While uttering this exclamation her eyes fell on a corner of the garden, where there were signs of climbing; the coping of the wall had been torn away.

"That is the way he went! He leaped into Cochefilet lane. Oh, what an outrage! He has stolen our plate."

The Bishop remained silent for a moment, then raised his earnest eyes, and said gently to Madame Magloire, —

"By the way, was that plate ours?"

Madame Magloire was speechless; there was another interval of silence, after which the Bishop continued, —

"Madame Magloire, I had wrongfully held back this silver, which belonged to the poor. Who was this person? Evidently a poor man."

"Good gracious!" Madame Magloire continued; "I do not care for it, nor does Mademoiselle, but we feel for Monseigneur. With what will Monseigneur eat now?"

The Bishop looked at her in amazement. "Why, are there not pewter forks to be had?"

Madame Magloire shrugged her shoulders. "Pewter smells!"

"Then iron!"

Madame Magloire made an expressive grimace. "Iron tastes."

"Well, then," said the Bishop, "wood!"

A few minutes later he was breakfasting at the same table at which Jean Valjean sat on the previous evening. While breakfasting Monseigneur Welcome gayly remarked to his sister, who said nothing, and to Madame Magloire, who growled in a low voice, that spoon and fork, even of wood, are not required to dip a piece of bread in a cup of milk.

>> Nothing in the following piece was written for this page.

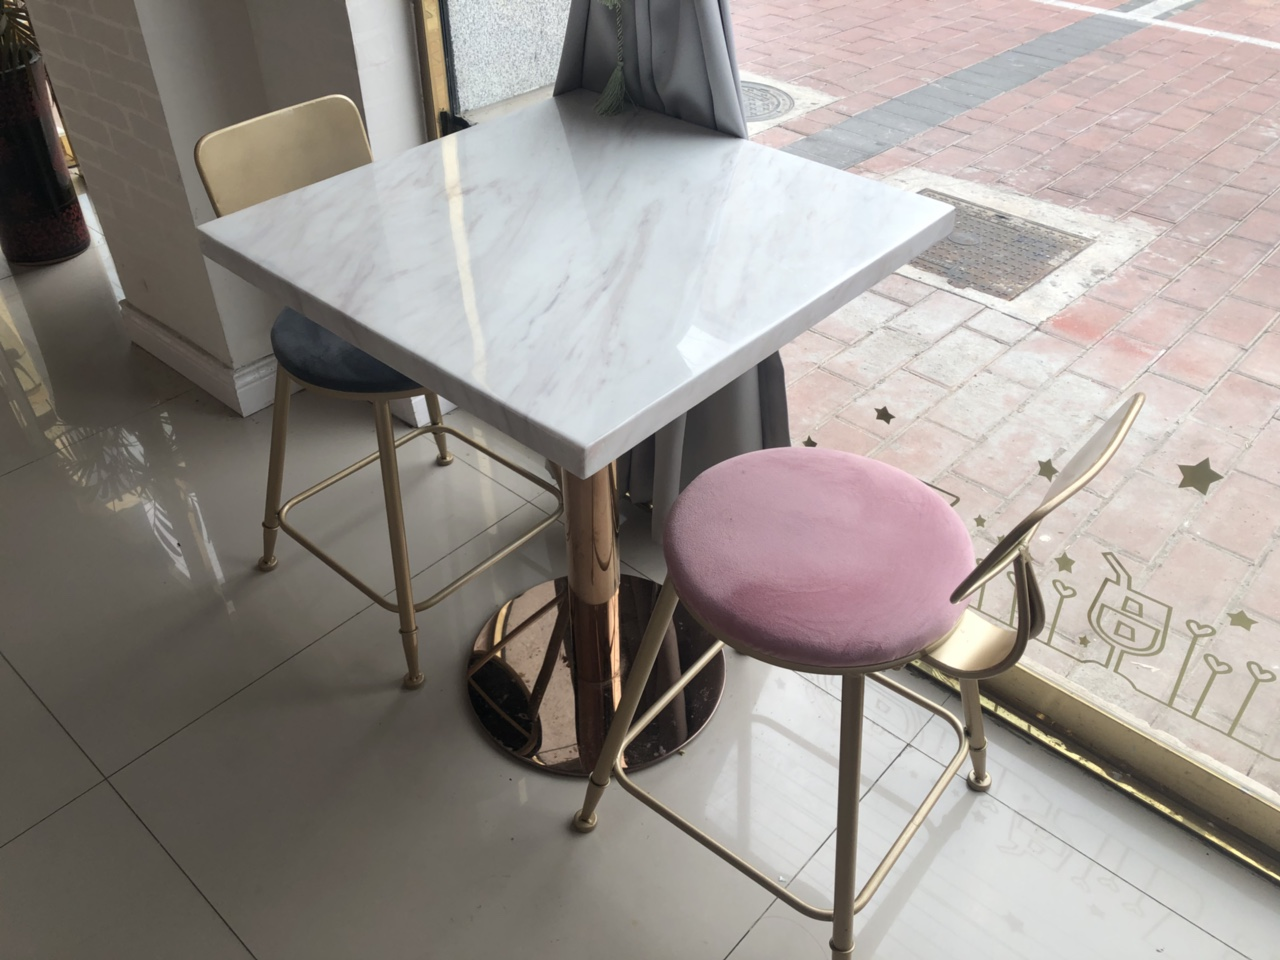 桌椅便宜转让了,一桌两椅两套480元,高脚凳4张200
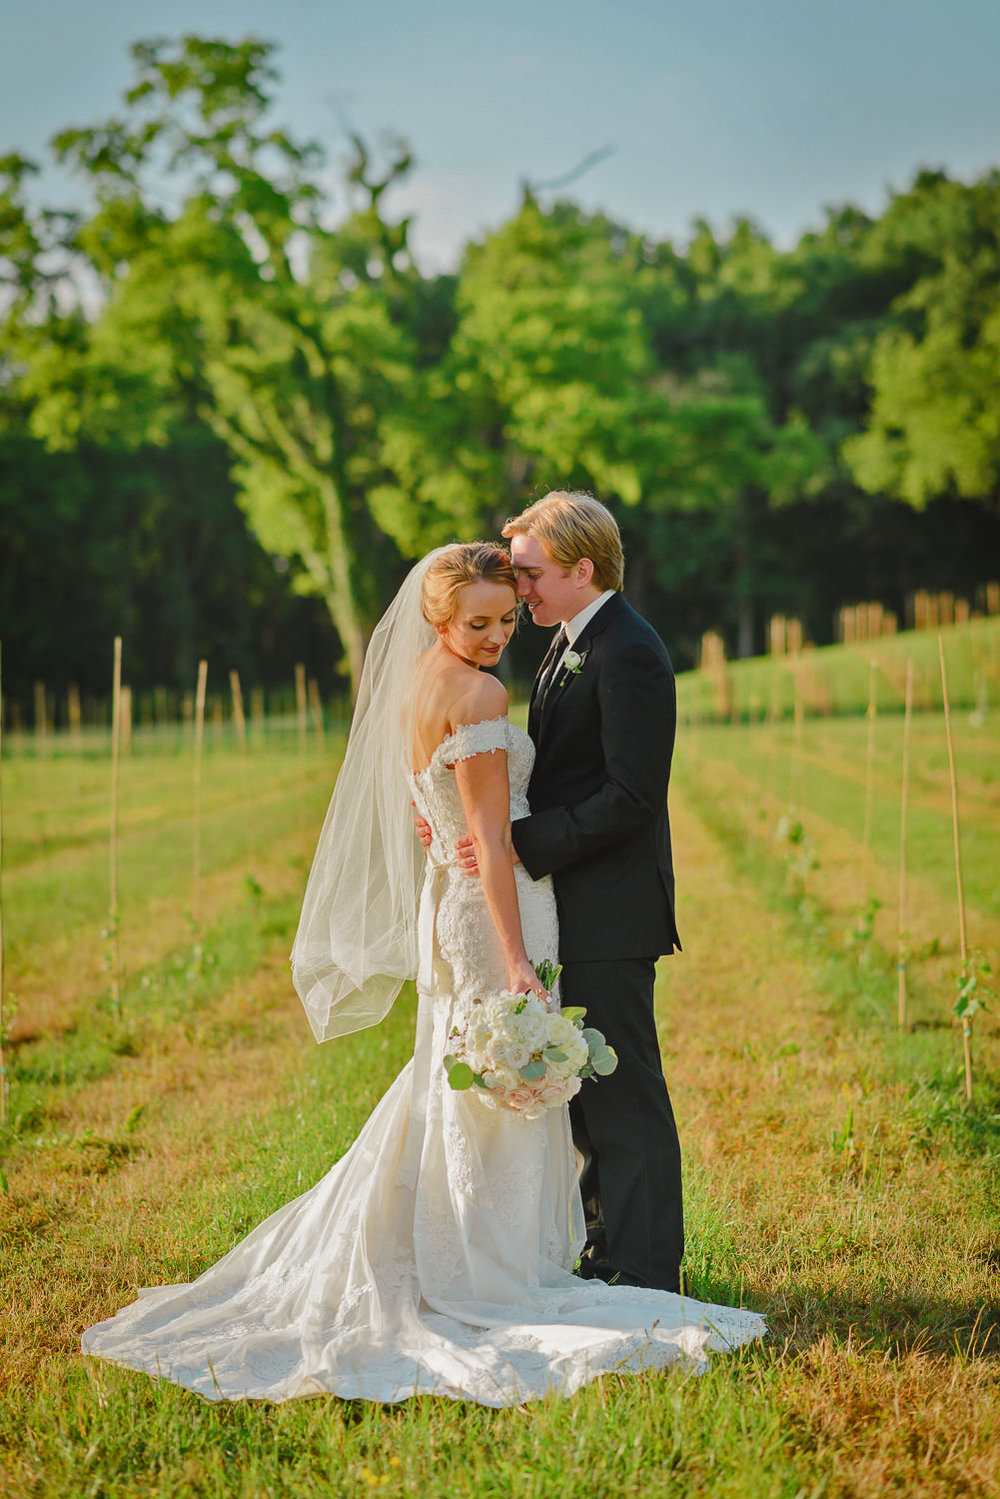 fotografo de bodas mexico - mexico boda en viñedo wedding photographer

"What an idea!" Madame Magloire said, as she went backwards and forwards, "to receive a man like that, and lodge him by one's side. And what a blessing it is that he only stole! Oh, Lord! the mere thought makes a body shudder."

As the brother and sister were leaving the table there was a knock at the door.

"Come in," said the Bishop.

The door opened, and a strange and violent group appeared on the threshold. Three men were holding a fourth by the collar. The three men were gendarmes, the fourth was Jean Valjean. A corporal, who apparently commanded the party, came in and walked up to the Bishop with a military salute.

"Monseigneur," he said.

At this word Jean Valjean, who was gloomy and crushed, raised his head with a stupefied air.

"'Monseigneur,'" he muttered; "then he is not the Curé."

"Silence!" said a gendarme. "This gentleman is Monseigneur the Bishop."

In the mean while Monseigneur Welcome had advanced as rapidly as his great age permitted.

"Ah! there you are," he said, looking at Jean Valjean. "I am glad to see you. Why, I gave you the candlesticks too, which are also silver, and will fetch you 200 francs. Why did you not take them away with the rest of the plate?"

Jean Valjean opened his eyes, and looked at the Bishop with an expression which no human language could render.

"Monseigneur," the corporal said; "what this man told us was true then? We met him, and as he looked as if he were running away, we arrested him. He had this plate – "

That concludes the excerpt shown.